Neural prosthetic control signals from plan activity : NeuroReport (original) (raw)

MOTOR SYSTEMS

Shenoy, Krishna V.1 2; Meeker, Daniella3; Cao, Shiyan4; Kureshi, Sohaib A.1 5 6; Pesaran, Bijan1 7; Buneo, Christopher A.1; Batista, Aaron P.3 8; Mitra, Partha P.9; Burdick, Joel W.4; Andersen, Richard A.1 3 CA

1Division of Biology

3Computation and Neural Systems Program

4Division of Engineering and Applied Science

7Division of Physics, Mathematics and Astronomy, California Institute of Technology, Pasadena, CA 91125

5Division of Neurosurgery, Duke University, Durham, NC 27707

9Bell Labs, Lucent Technologies, Murray Hill, NJ 07974, USA

2Present address: Department of Electrical Engineering and Neurosciences Program, Stanford University, Stanford, CA 94305, USA

6Present address: Neurosurgical Medical Clinic, Inc., San Diego, CA 92103, USA

8Present address: Howard Hughes Medical Institute and Department of Neurobiology, Stanford University, Stanford, CA 94305, USA

CACorresponding Author: [email protected]

Abstract

The prospect of assisting disabled patients by translating neural activity from the brain into control signals for prosthetic devices, has flourished in recent years.
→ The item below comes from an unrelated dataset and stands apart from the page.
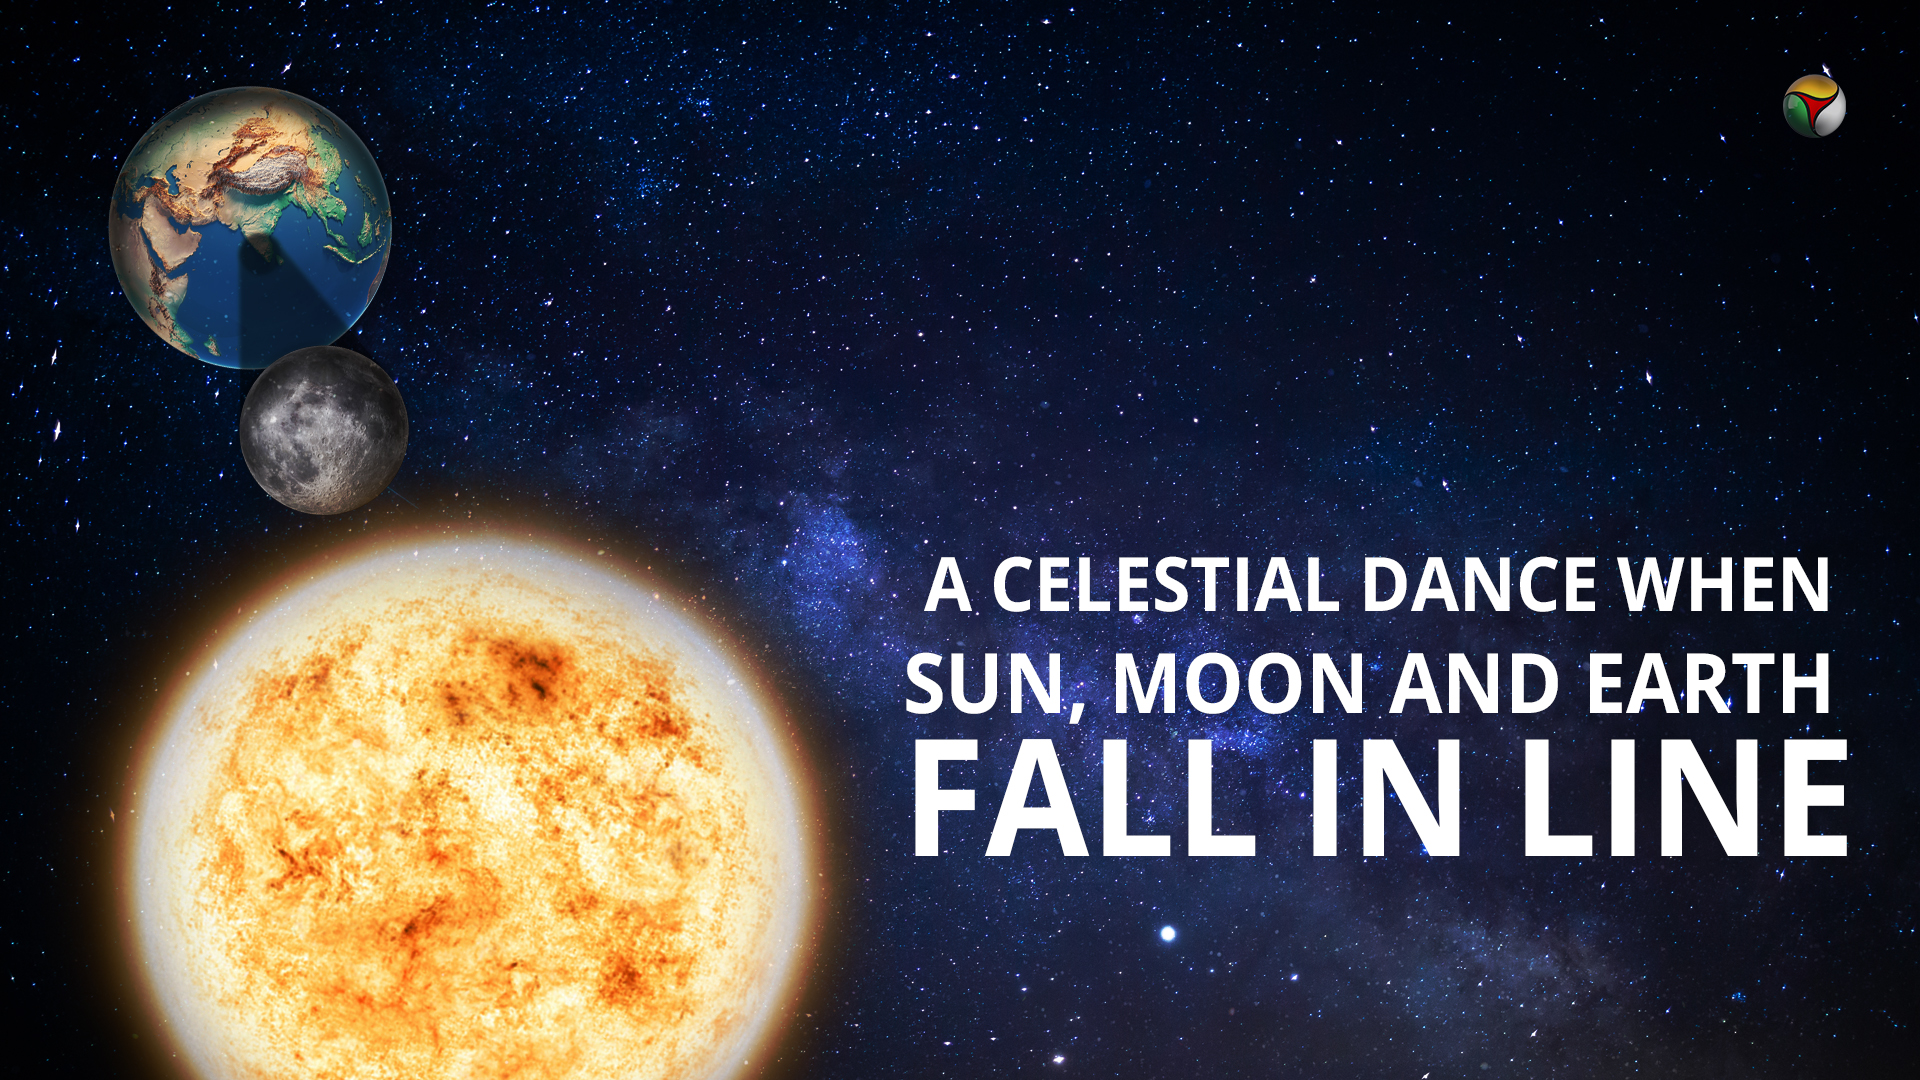 A celestial dance when sun, moon and earth fall in line

Current systems rely on neural activity present during natural arm movements. We propose here that neural activity present before or even without natural arm movements can provide an important, and potentially advantageous, source of control signals. To demonstrate how control signals can be derived from such plan activity we performed a computational study with neural activity previously recorded from the posterior parietal cortex of rhesus monkeys planning arm movements. We employed maximum likelihood decoders to estimate movement direction and to drive finite state machines governing when to move. Performance exceeded 90% with as few as 40 neurons.